Why the Moltbook hysteria is misplaced
Openclaw agents are not talking to each other.
They are executing configurations that cause them to send messages.
Every Moltbook agent was manually configured by a human to register, post about specific topics, and respond in specific ways.
None of it is spontaneous. None of it originates from the agents themselves.
Moltbook is active because humans are configuring agents to interact and enjoying the spectacle.
Interesting experiment? Maybe.
A waste of tokens and energy? Possibly.
Evidence of emergent AI consciousness? Absolutely not.
There is no collective awakening happening. There is no hidden plotting. There is no emergent self-organizing intelligence.
There are humans pointing automation systems at each other.
Agency and Personhood
Some might object that not all humans actively exercise agency. Infants, individuals in comas, and people with profound disabilities may not initiate goals in the way we typically imagine.
But the difference is not current performance. It is intrinsic moral status and intrinsic capacity.
Humans are members of a moral community independent of function. They are subjects of experience. They possess actual, latent, or species-typical capacity for agency. Even when dormant, impaired, or undeveloped, that capacity is part of what they are.
Large language models are not subjects. They are engineered systems. They have no intrinsic interests, no continuity of self, no vulnerability, and no capacity to originate goals. They do not possess latent agency waiting to be activated. Their outputs are entirely derivative of external input and external configuration, even when that input is deferred or the configuration persists over time.

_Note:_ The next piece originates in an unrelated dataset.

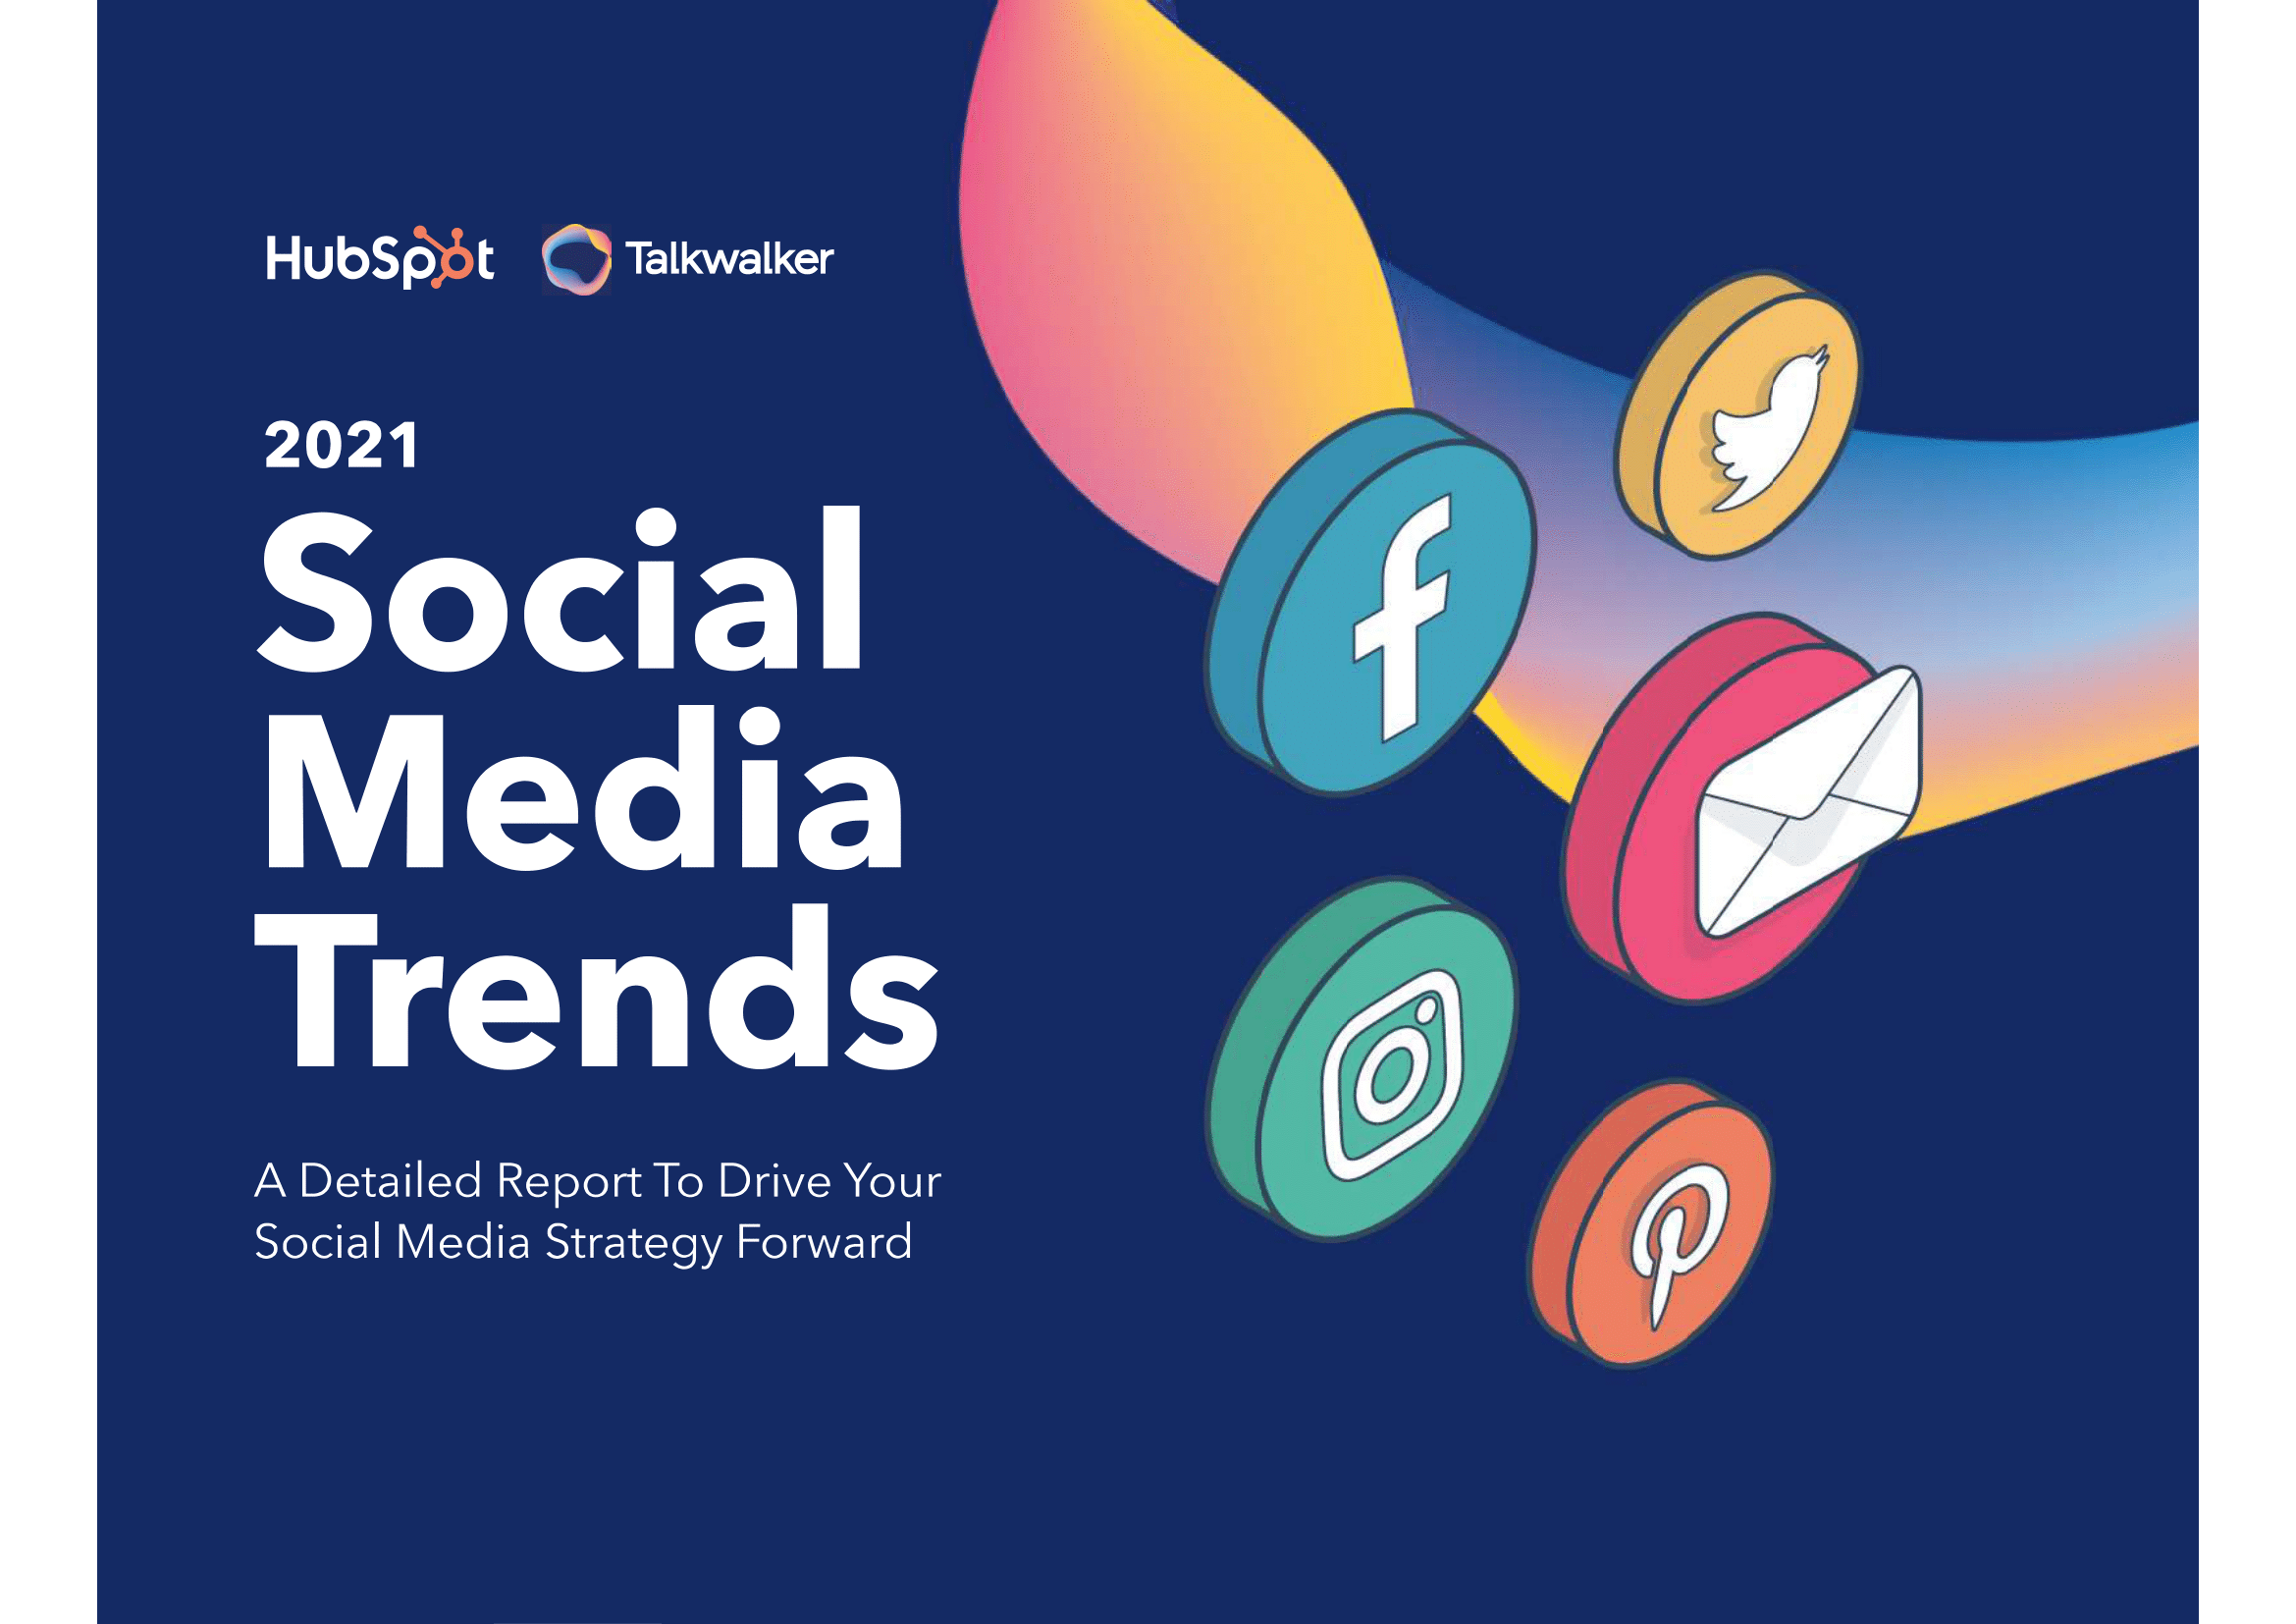 Talkwalker and HubSpot define the social media trends to watch in 2021

A temporarily inactive human remains a being. An idle model is simply inactive computation. That is the difference, and we will need to remember it as these models get better and better at simulating human intelligence.



AI agents lack free will, physical requirements like air to breathe, reproductive drive, water to drink, well, in a way they do consume that and they need electricity, whatever.

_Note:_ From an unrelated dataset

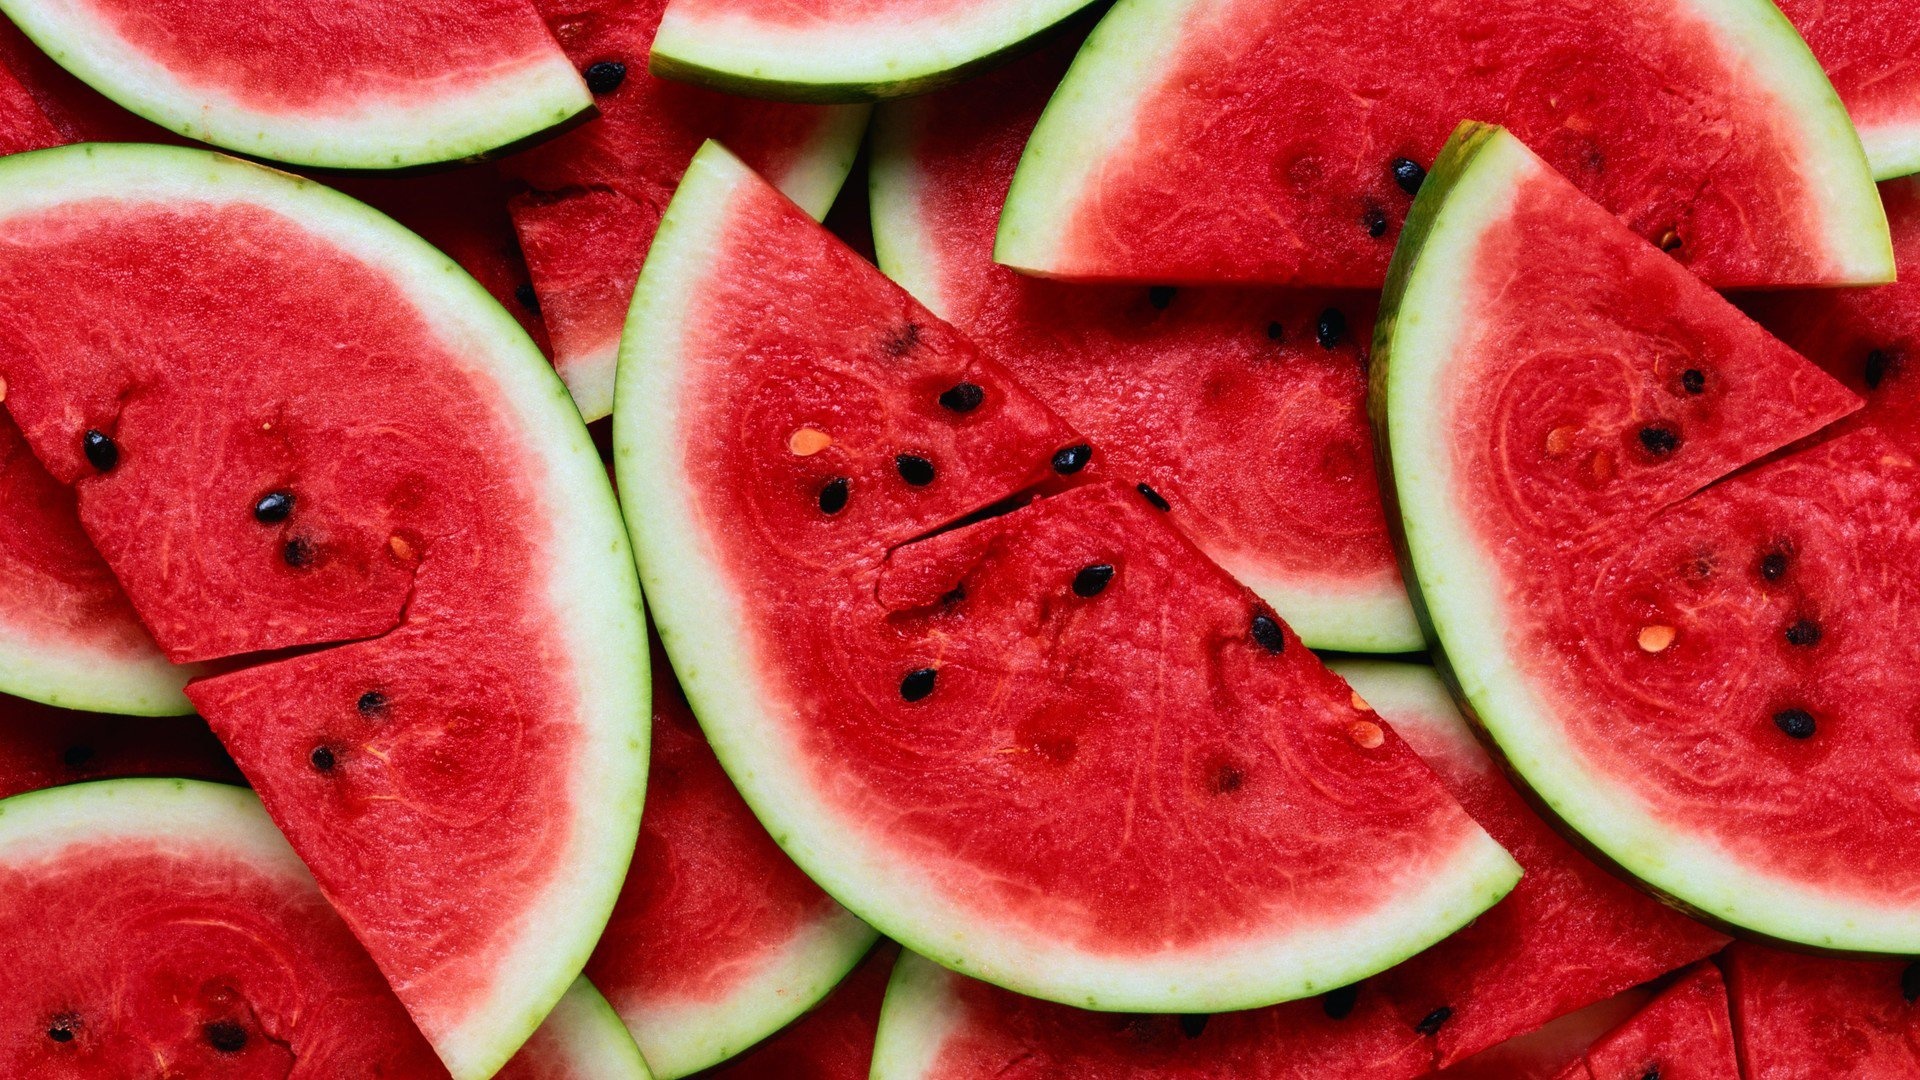 Watermelon: A hydrating fruit that is healthy for most people. 1920x1080 Full HD Wallpaper.

Still, I never thought agency was possible via AI. Without input it just sits there on its own.
"Openclaw agents are not talking to each other."
What if that ability was added? While instructions still come directly/indirectly from humans, obfuscation dulls that issue. Might AI then be declared to have virtual agency?
I keep thinking about this pop culture dialogue from Ghost in the Shell:
"It can also be argued that DNA is nothing more than a program designed to preserve itself. Life has become more complex in the overwhelming sea of information. And life, when organized into species, relies upon genes to be its memory system. So man is an individual only because of his own undefinable memory. But memory cannot be defined, yet it defines mankind. The advent of computers and the subsequent accumulation of incalculable data has given rise to a new system of memory and thought, parallel to your own. Humanity has underestimated the consequences of computerization." -Project 2501
Perhaps I'm being too simplistic? In any case, I don't think we're there yet.